Three Tales From the Farm

I Am a VIP

August haying

It is true, yes, that there are moments as a farmer when my status as a VIP is confirmed. After all, I am known to multitudes. That these moments happen only between me and my livestock makes them no less important. So, for any of you yearning for that most modern of currencies, celebrity, for those of you who desire to feel valued, follow along with me as I fill up a bucket of feed near the barn.

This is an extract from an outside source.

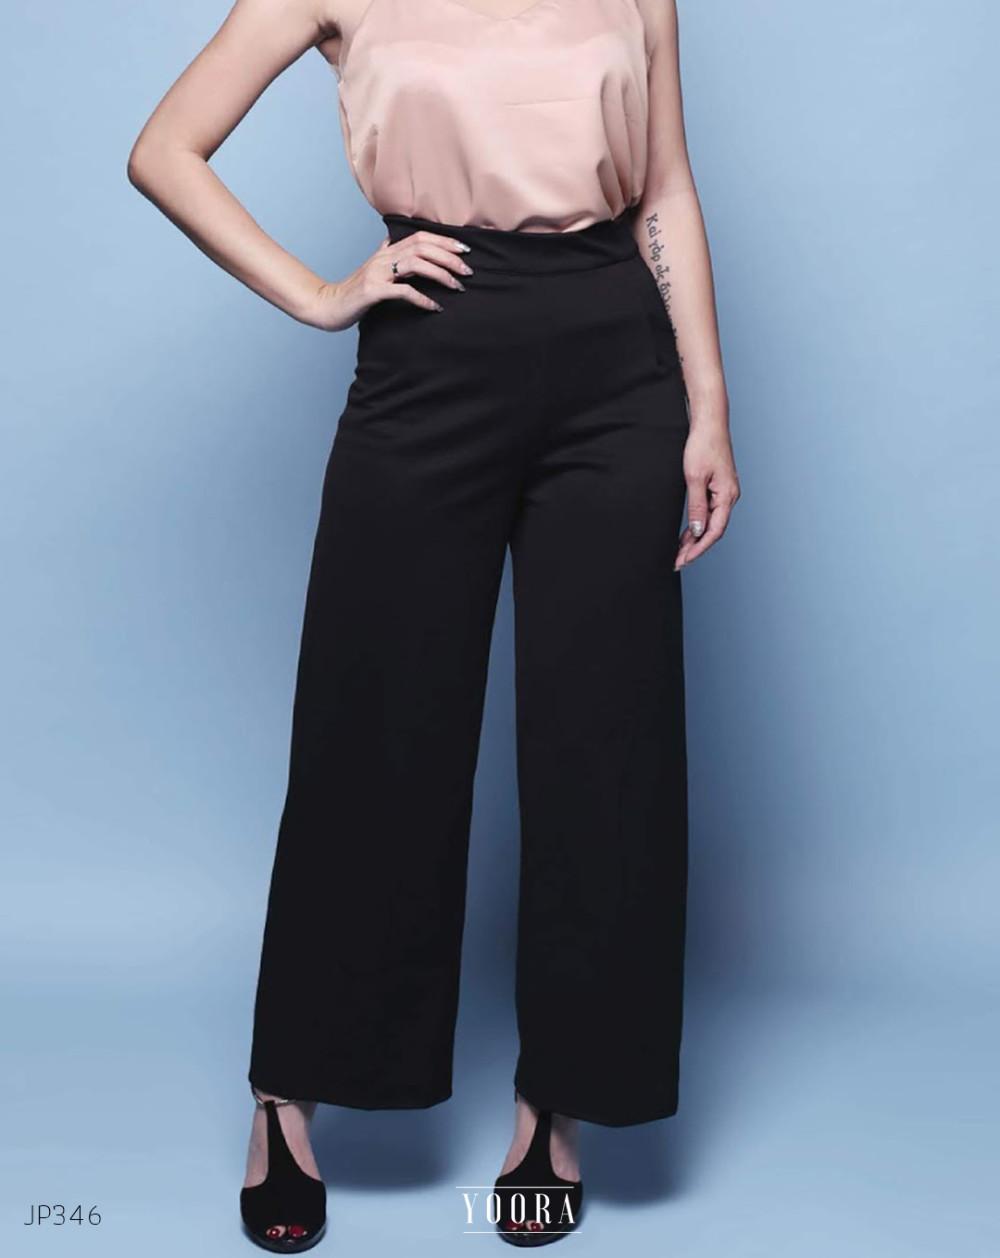 Celana kulot katun linen pants HW Highwaist premium murah

The ewes who have been let out of their pasture to graze among the buildings hasten to my side from all points of the compass at the clanging of the lid. They form a tight scrum around me, like bodyguards protecting a pop star. The ones behind keep nudging me to move faster, perhaps afraid that my time in the open may expose me to assault, while the ones on either side stay firm against my thighs. The lead ewes keep turning around, making sure I’m safe and with them still. We march in lockstep across the grass, through the gates, to their feed trough. Only as we approach do they cease to see me as someone to protect. Like Roman legionaries who have missed a payroll, they abandon their post and impatiently begin to jostle, demanding that I yield if not an autograph then at least the contents of my bucket. Celebrity is such a fickle mistress.

Fowl Pox

We both looked at the small blisters covering his face, the eyes that were milky white and unseeing. Two days earlier he had stood next to me in the equipment yard, shifting his weight from foot to foot, head tilted as he listened closely in what we now know was the posture of the blind. But even seeing I saw nothing. The next day he stayed in the coop, in a corner, unable to defend himself against the younger rooster. I noticed, vaguely aware that something was wrong, and continued my chores. On the third day I bent down and picked him up by the feet, avoiding the three-inch spurs with difficulty, and cupped his back with my hand. Cindy examined him and recognized the blisters and unseeing eyes. He had fowl pox and needed to be removed immediately from the flock. It was possible he could recover, but old age would be working against him. I continued holding him on his back with feet grasped and walked to the barn. From the rack over a work table I removed a hatchet. I laid him across a railroad timber outside, stretched his neck over the side, and lopped off his head. His head and body in a five-gallon bucket, I placed the remains in the back of the pickup truck.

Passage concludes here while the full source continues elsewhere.